Bei der alten Klosterstätte zu Frauenroth ist es der Sage nach nicht geheuer. Lodernde Feuer oder bläuliche Flämmchen werden in gewissen Nächten brennend auf dem Kirchhof oder in der Nähe der Klosterkirche erblickt, die einen großen, dort vergrabenen Schatz anzeigen.

Nicht weit von der Kirche erhebt sich ein Hügel, auf dem vor langen Zeiten erst eine Burg, dann ein Teil des Klostergebäudes stand. Von dort führte ein bedeckter Gang nach der Kirche, über den die Nonnen schritten, wenn sie sich auf dem Chor versammelten, die Horas zu singen. Man sieht noch über dem Portal die vermauerte Öffnung.

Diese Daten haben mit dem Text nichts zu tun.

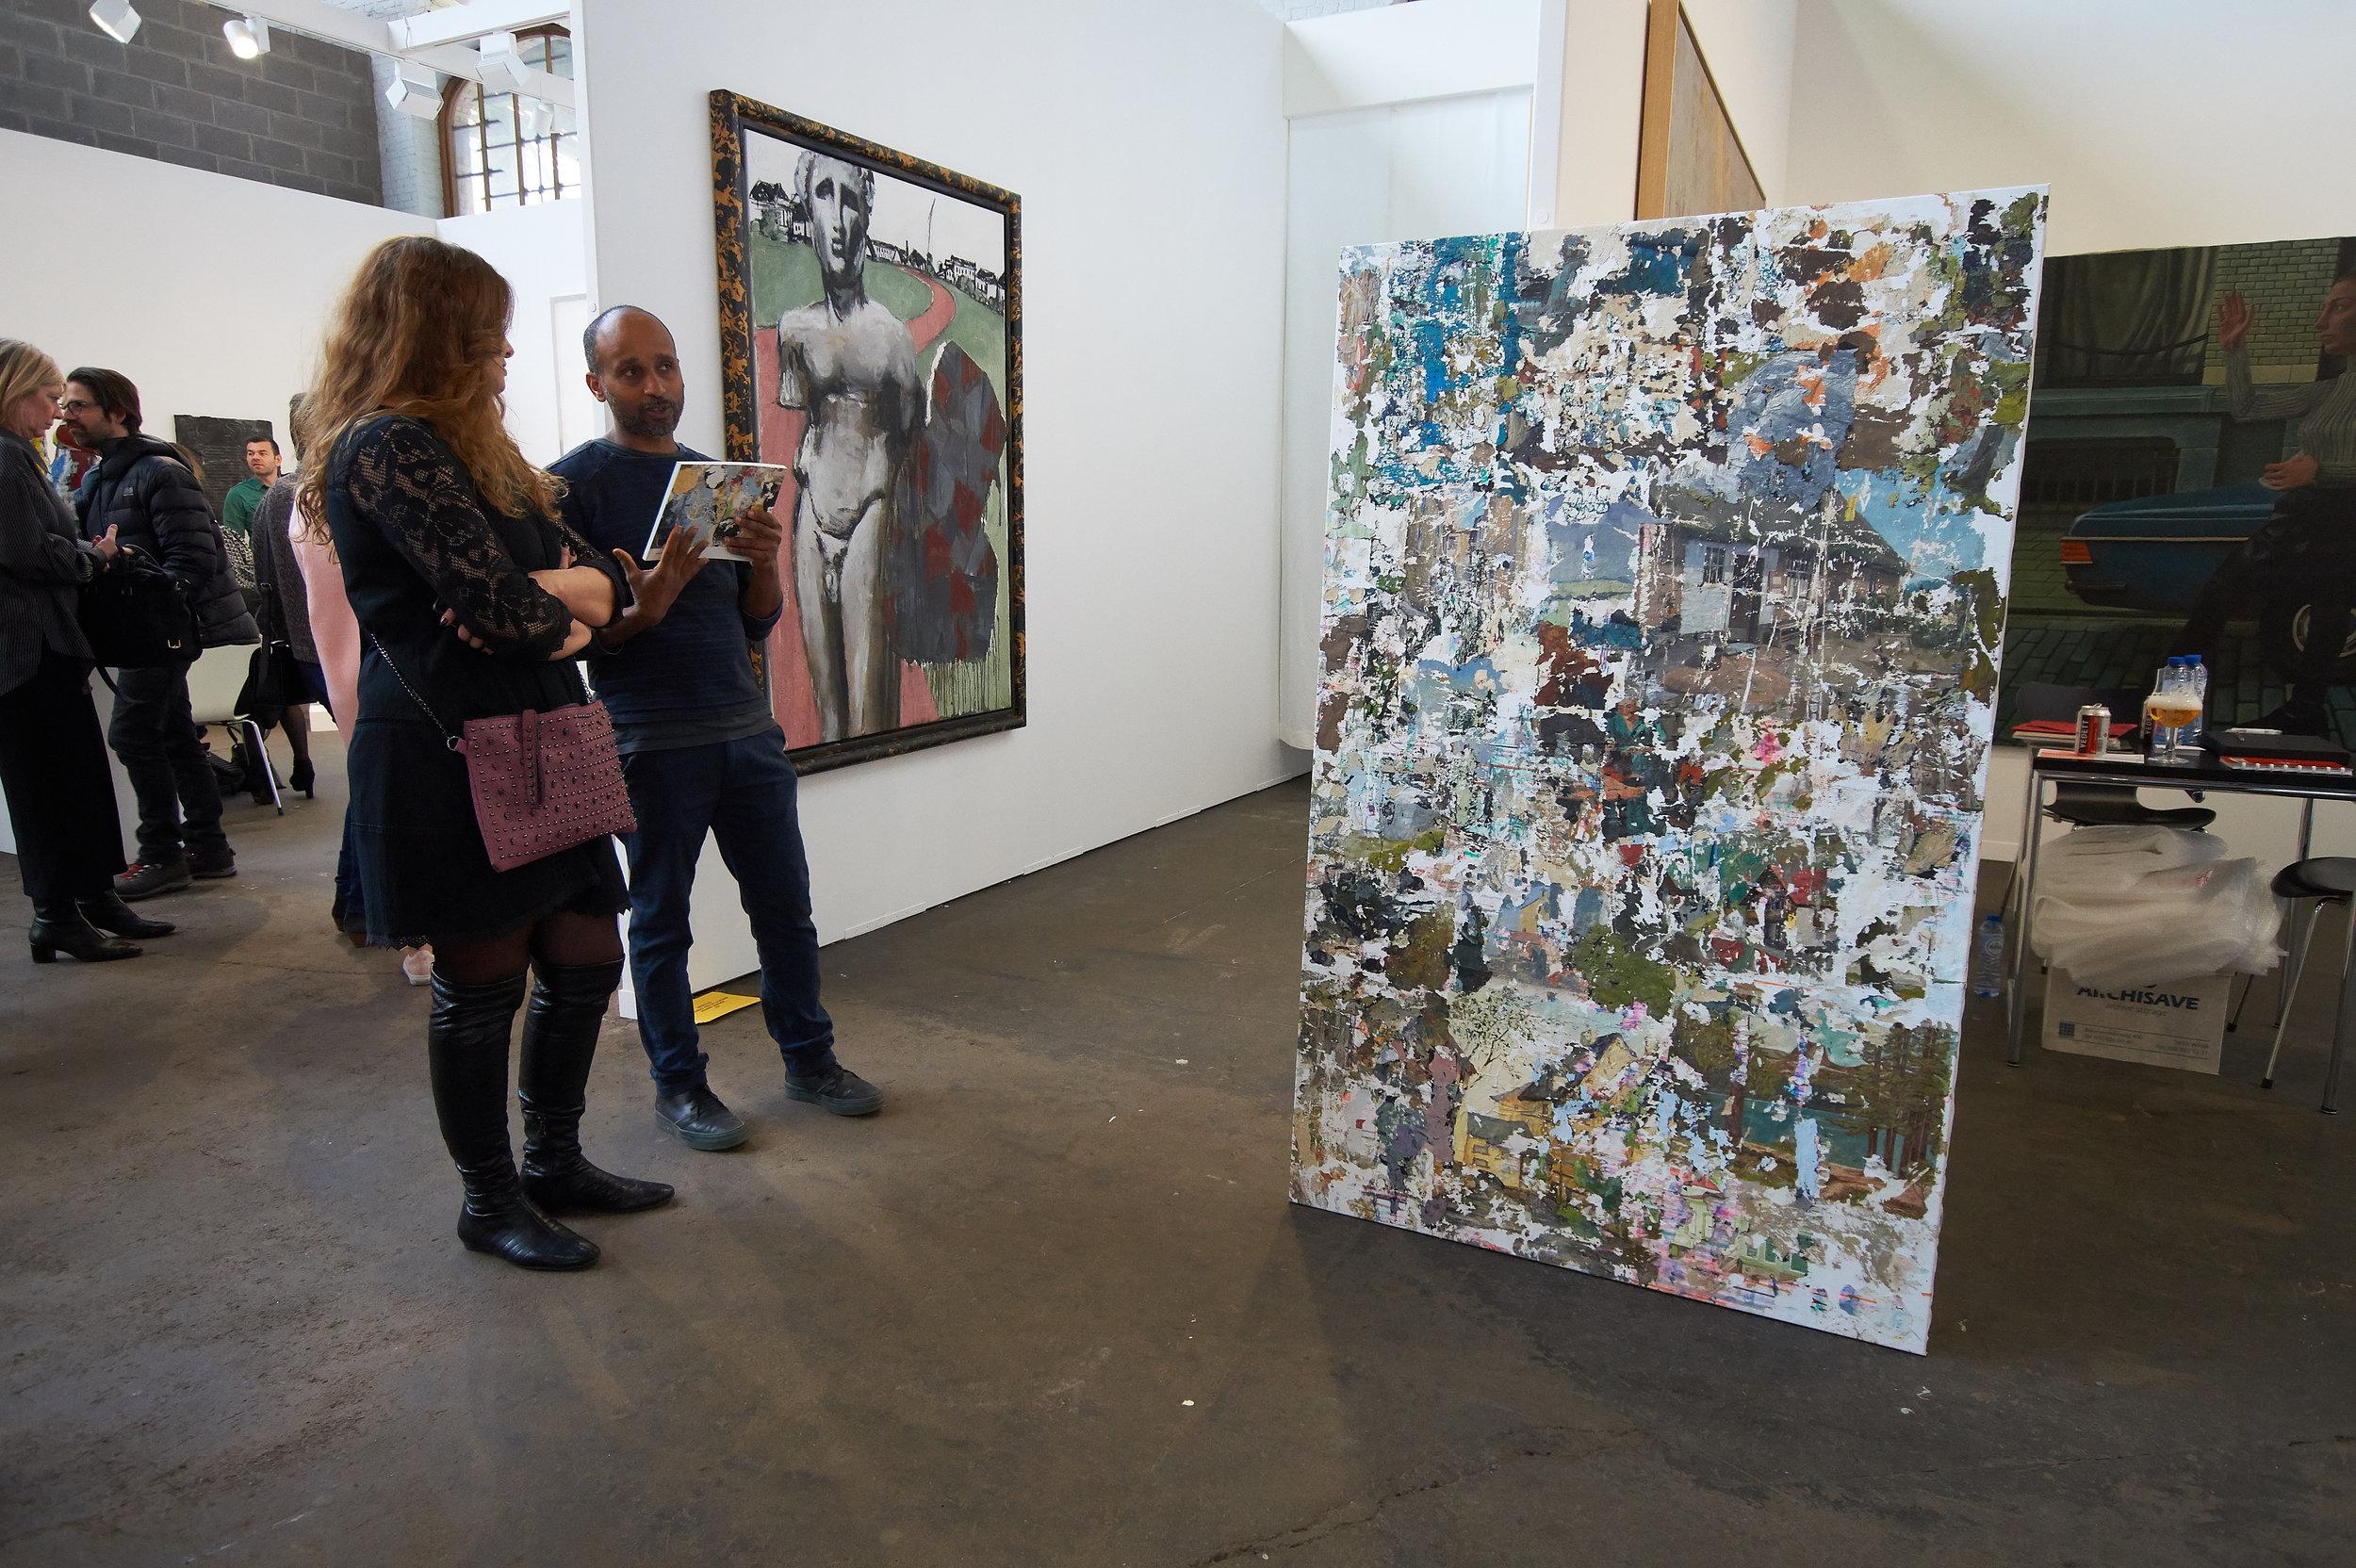 Artist Ermias Kifleyesus at Kusseneers gallery
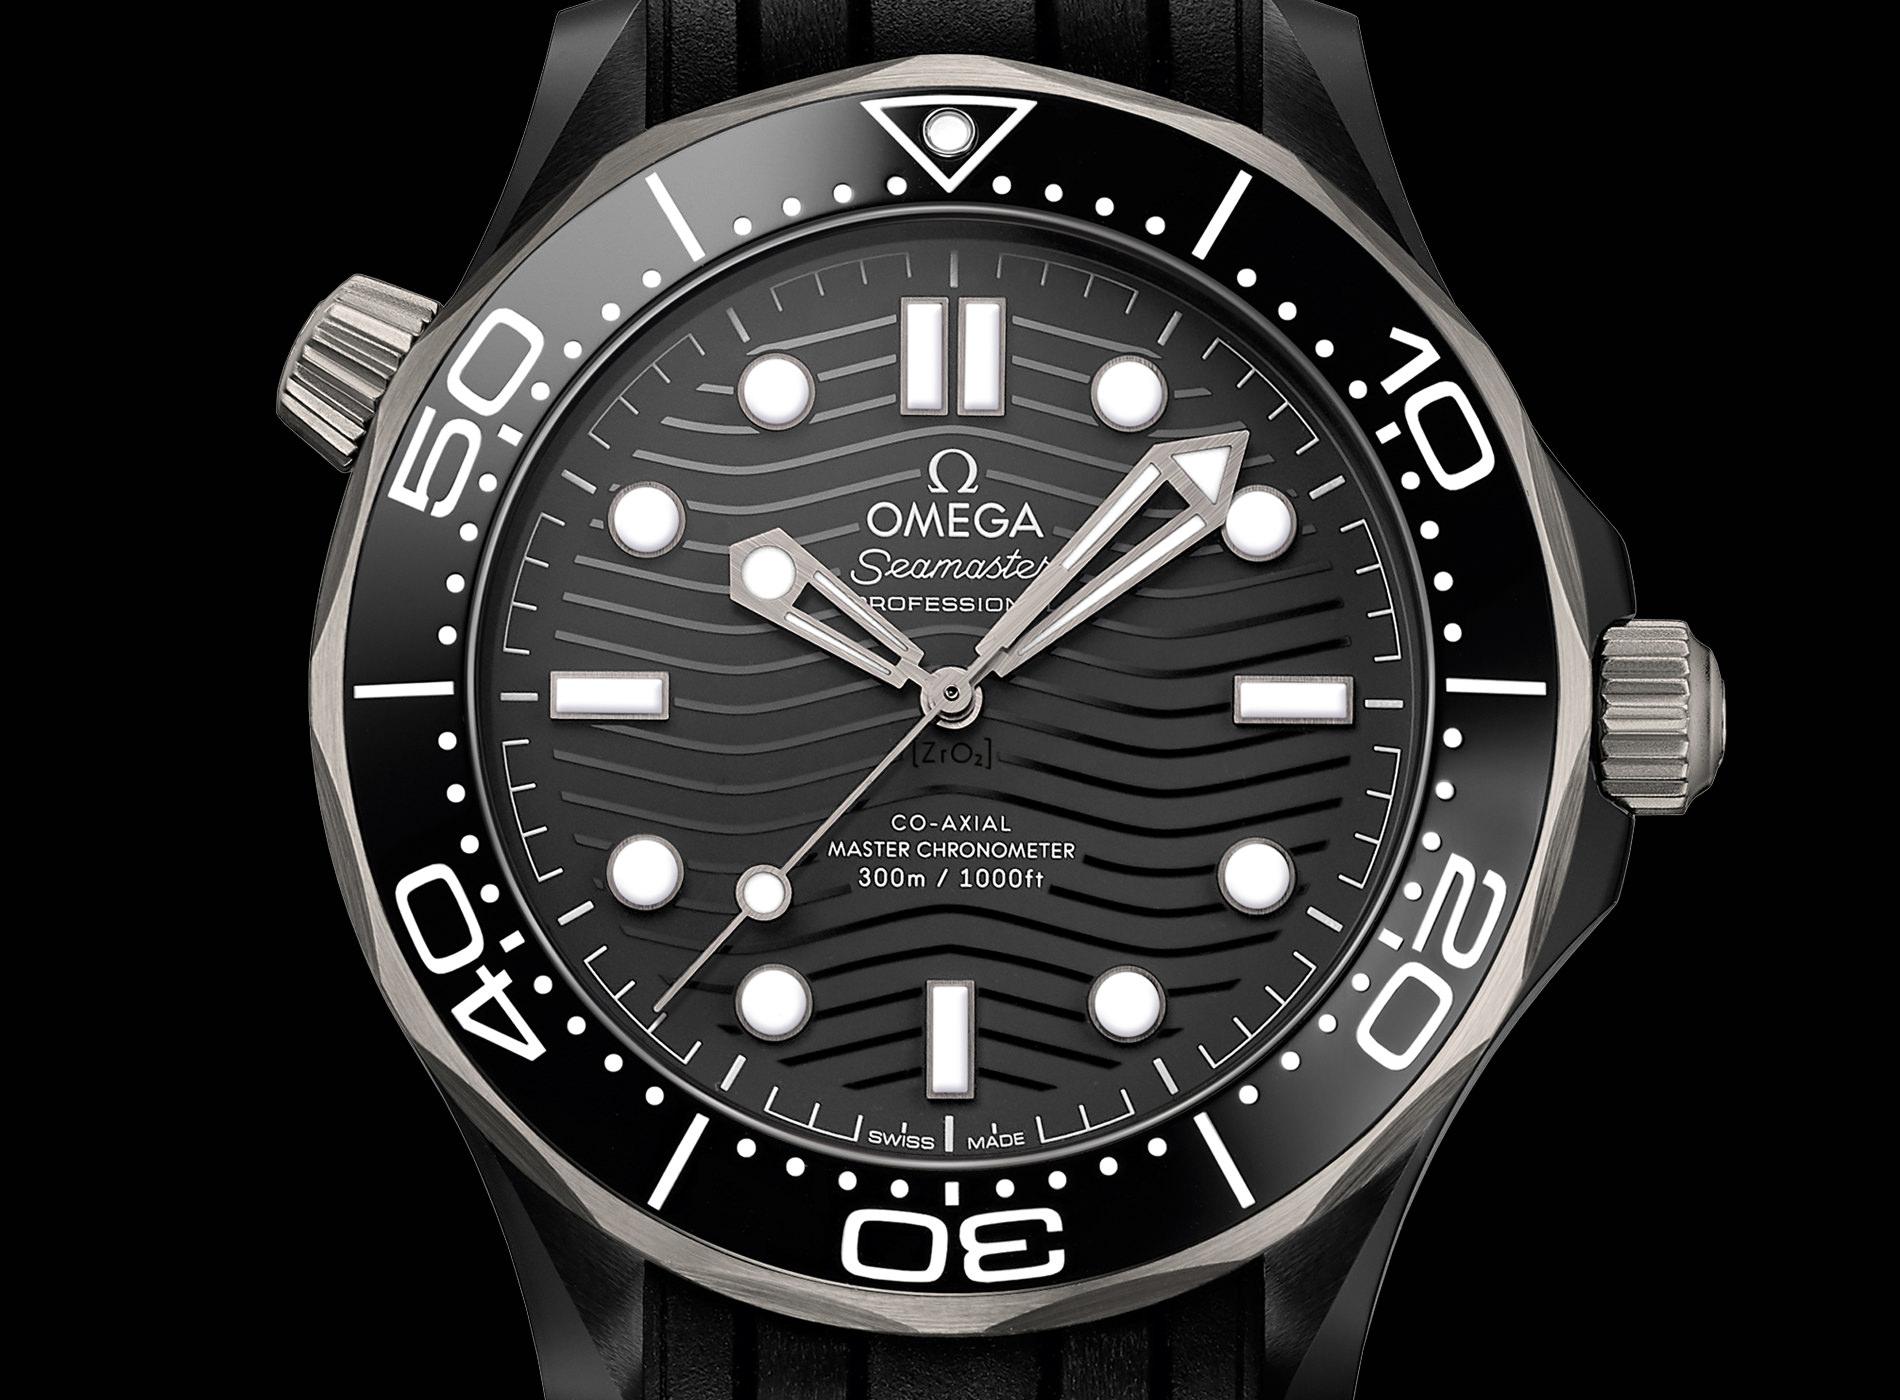 Montre Omega Seamaster Diver 300M Céramique Titanium Bracelet Caoutchouc Noir Détails
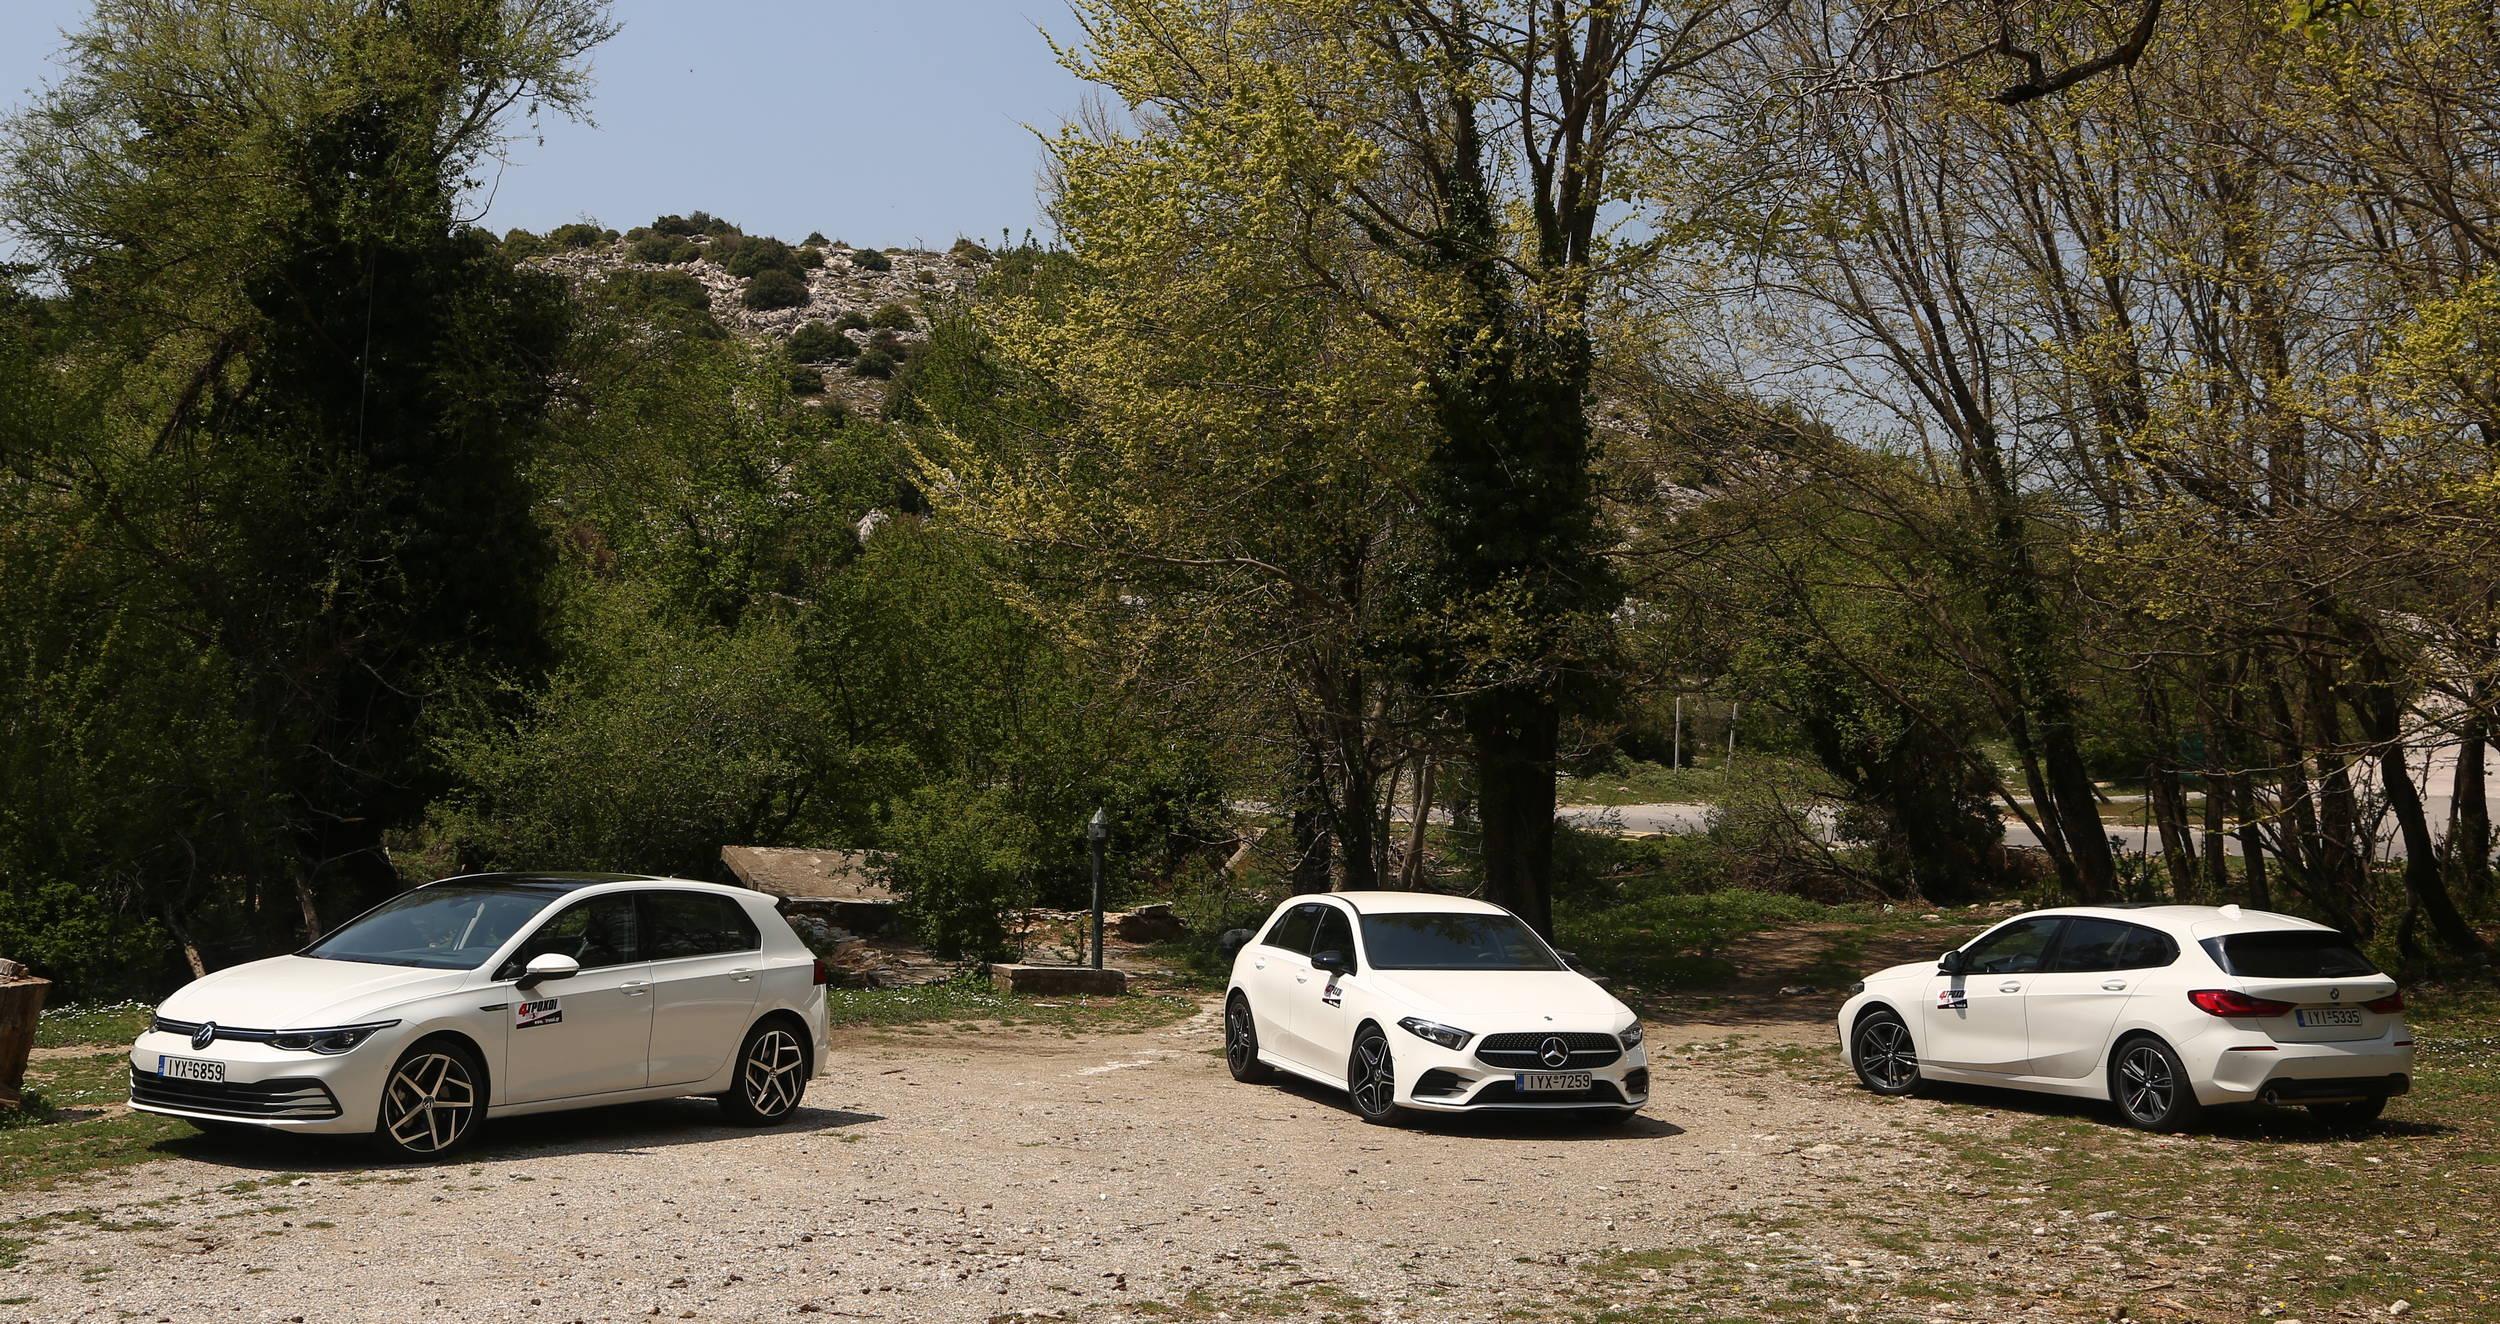 BMW 118i Auto - Mercedes A200 7G-DCT - VW Golf 1.5 eTSI 150 DSG

Alljährlich in gewissen heiligen Nächten erblickt man diesen Gang durch die Luft und den Zug gespenstischer Nonnen und sieht die Kirche erleuchtet, doch ist es nicht gut, lange hinzusehen; noch viel weniger, die Kirche dann zu betreten, denn in dieser halten die Geister Mette, und es knien vor dem Altar die Gestalten des Stifters und der Stifterin und hinter ihnen alle, die in der Kirche begraben wurden; von dem Haupt Beatrix' weht der weiße Schleier, und auf Ottos Haupt rauschen die Blätter eines welken Lorbeerkranzes geisterhaft im Hauch der Nacht. Nach der Mette ziehen die Nonnen alle still zurück und verschwinden im Nebel, wenn sie sich dem Hügel nähern.